A gente que viveu aquele mundo, aqueles anos da primeira metade do século XX, e somos tão poucos,  estamos vivenciando essas mudanças. A vida longa que estou arrastando pelos anos me deu a oportunidade de conhecer e usufruir deste progresso material, desta revolução tecnológica, desta evolução científica que me trouxe vida agradável, conforto que nunca tinha experimentado antes, recursos para garantir boa saúde e quem sabe, por isto, prolongar a existência.

A gente não tinha estes benefícios da ciência e da tecnologia, é verdade.  O que a gente tinha era família estável, lar fundado em solidez, pessoas que tinham o lado indivíduo e o lado coletivo. Naquela Itápolis dos anos 20, 30, 40, os valores eram duradouros e passavam de pais pra filhos; criança era criança, jovem era jovem, adulto era adulto, idoso era idoso. Cada uma destas categorias humanas vivia o seu momento, o seu estágio, fruto de uma sociedade ainda organizada, que era composta de famílias estruturadas, cônscias de seu papel na arquitetura da sociedade humana.

Naquela época o crime assustava, criava traumas até em quem não era do círculo da vítima, o crime causava indignação. Naqueles anos, a compostura, o pudor, o respeito aos mais velhos, e o respeito a sim mesmos eram valores enraizados nas pessoas, fossem elas homens, mulheres, meninas, o que fossem.

Você poderá pensar: mas que homem mais arcaico! saudosista! retrógrado! Parece mesmo, mas não é não! Acho maravilhoso tudo que o homem conquistou nestes 50 anos de conquistas materiais! Apesar da idade, curti e continuo curtindo os frutos deste progresso, mas não deixo de ter consciência de que só houve progresso material. Porque  melhoria do ser humano, nenhuma! Nunca o homem foi tão violento, movido por futilidades! Nunca a vida teve tão pouco valor! Nunca os pais agiram com tamanho descuido de seus filhos! No conjunto, o comportamento do ser humano só nos causa indignação, revolta, tristeza, muita tristeza!

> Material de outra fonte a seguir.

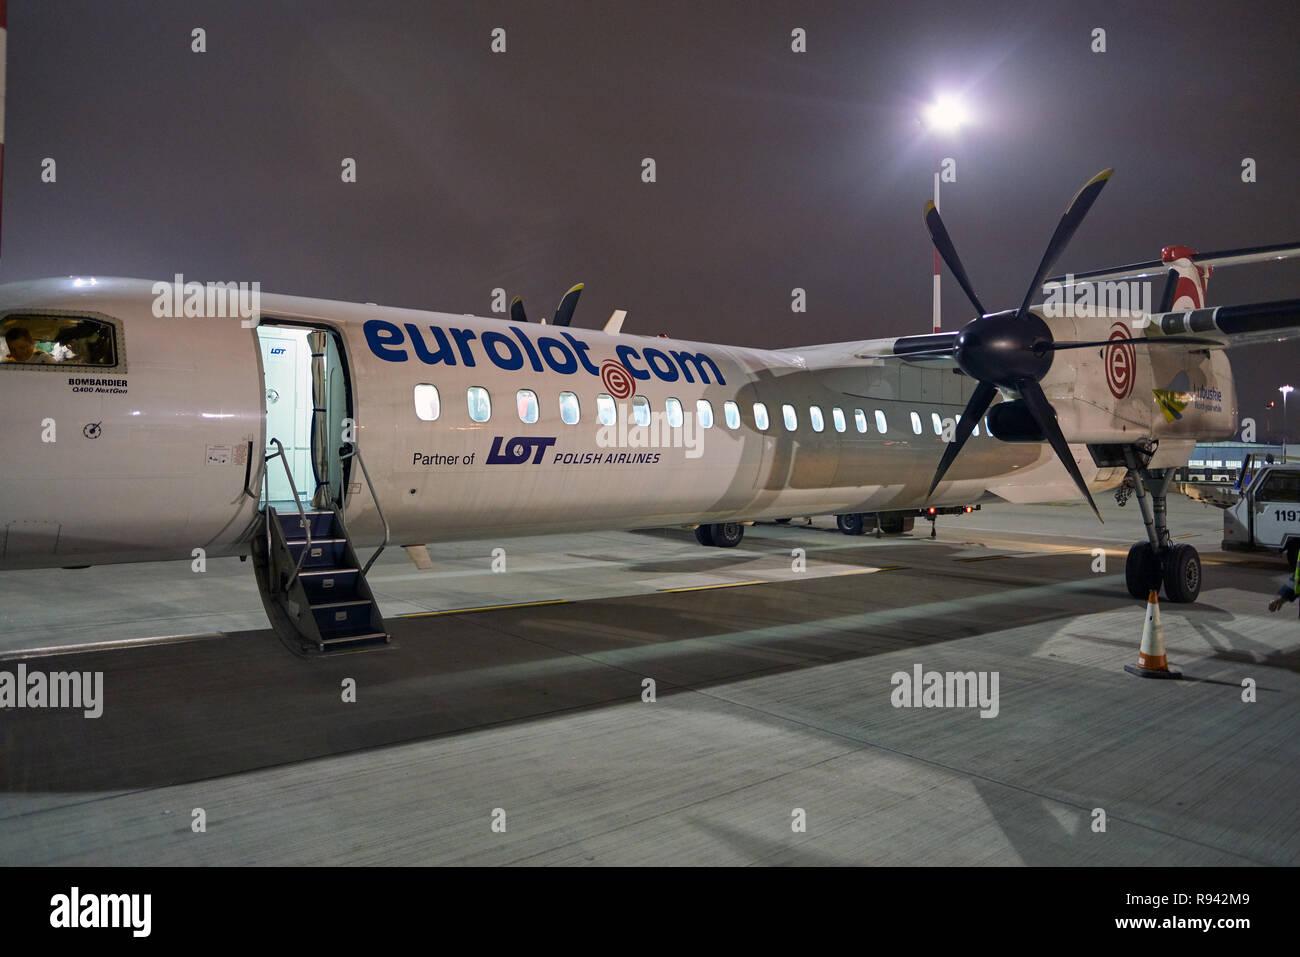 WARSAW, POLAND - CIRCA NOVEMBER, 2017:  Eurolot Bombardier Q400 NextGen at Warsaw Chopin Airport. Stock Photo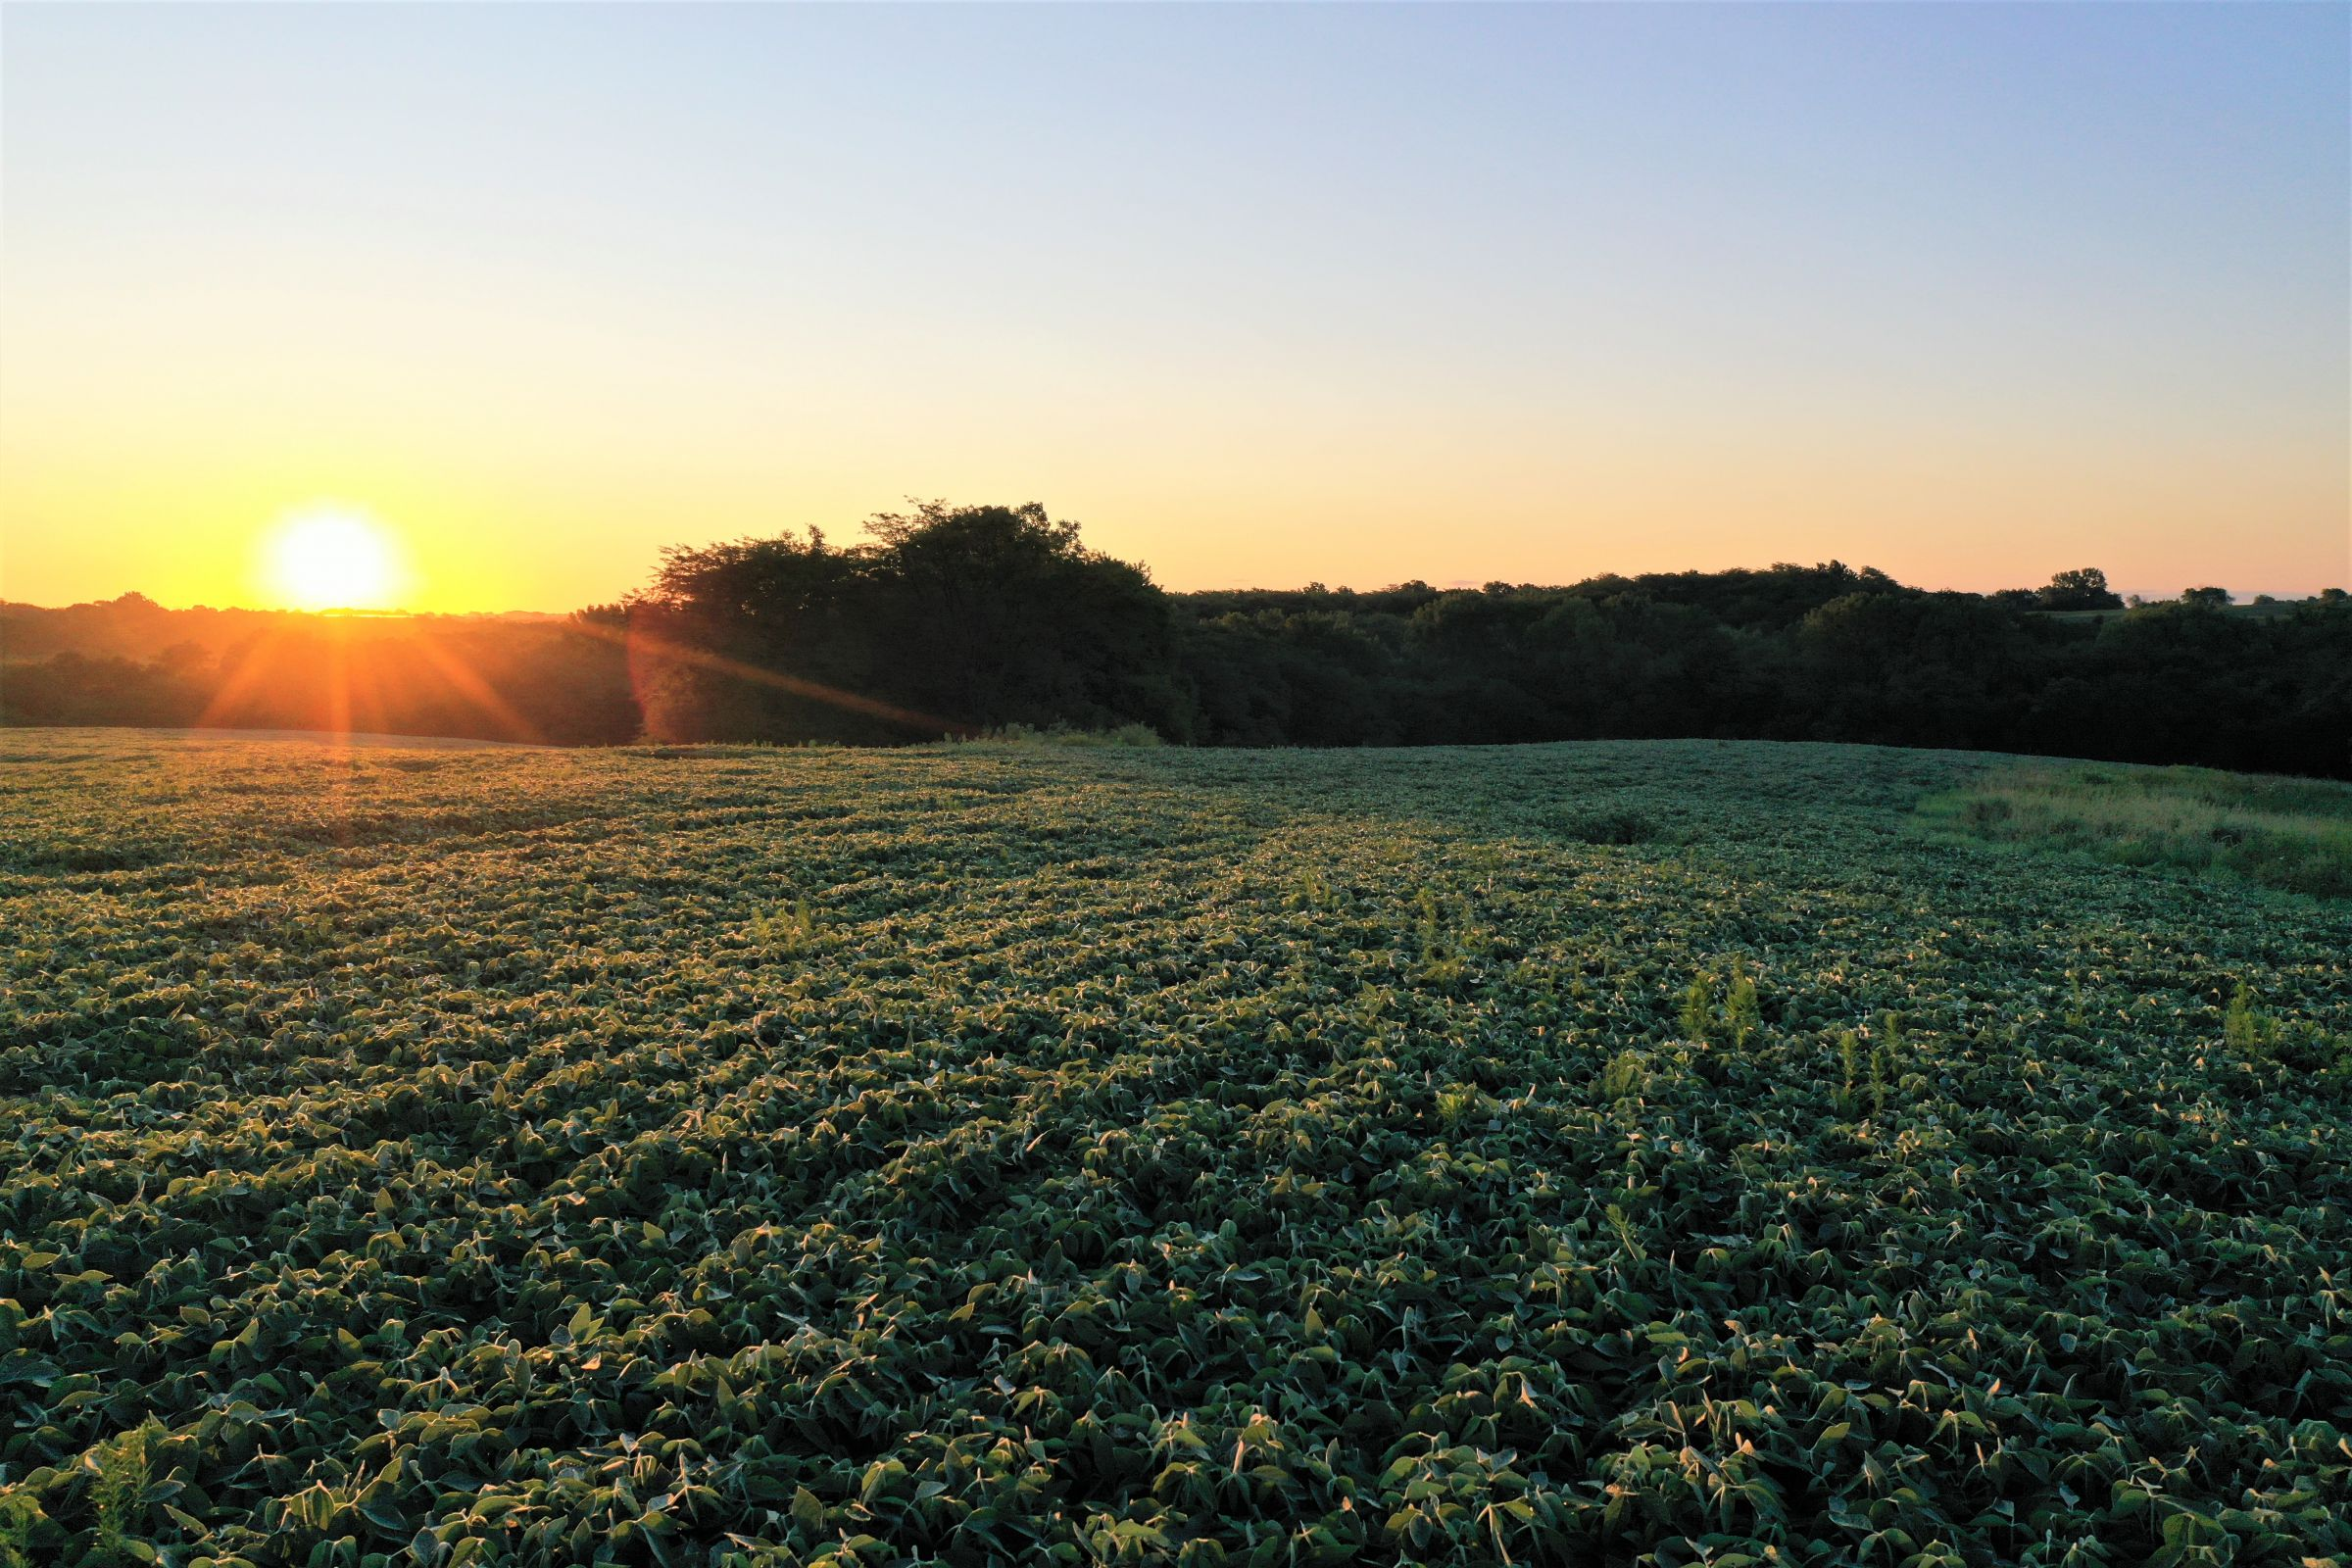 warren-county-iowa-40-acres-listing-number-15145-2-2020-08-28-144256.jpg

Nos anos 30, 40 e 50 havia um receio do avanço socialista porque consideravam que com ele avançava também o materialismo. Os socialistas, assim como os comunistas, os movimentos de esquerda foram neutralizados, passaram a ser hoje algo que cheira a mofo, de tão fora de moda. Mas acho que os próprios “materialistas” daquela época nunca sonharam com o materialismo incrível que domina nossos tempos. No começo dos anos 90, li um ensaio filosófico em que o autor profetizava: “Os anos 80 viram o nascimento da era do egoísmo, que vai, no futuro, conhecer seu auge!”

Eu estou achando que estamos  nele. Só o egoísmo pode explicar que alguém jogue uma criança pela janela, engendre a morte de seus próprios pais, avós, irmãos. Só o egoísmo pode fazer um pai e uma mãe deixar uma filha de 15 anos ir morar com um sujeito que mal conhecem. Só uma coletividade que só pensa em levar vantagem em tudo pode reeleger um corrupto escancarado. Só o egoísmo exacerbado consegue matar o amor ao próximo, o amor e o respeito  à vida, o desejo de ser digno!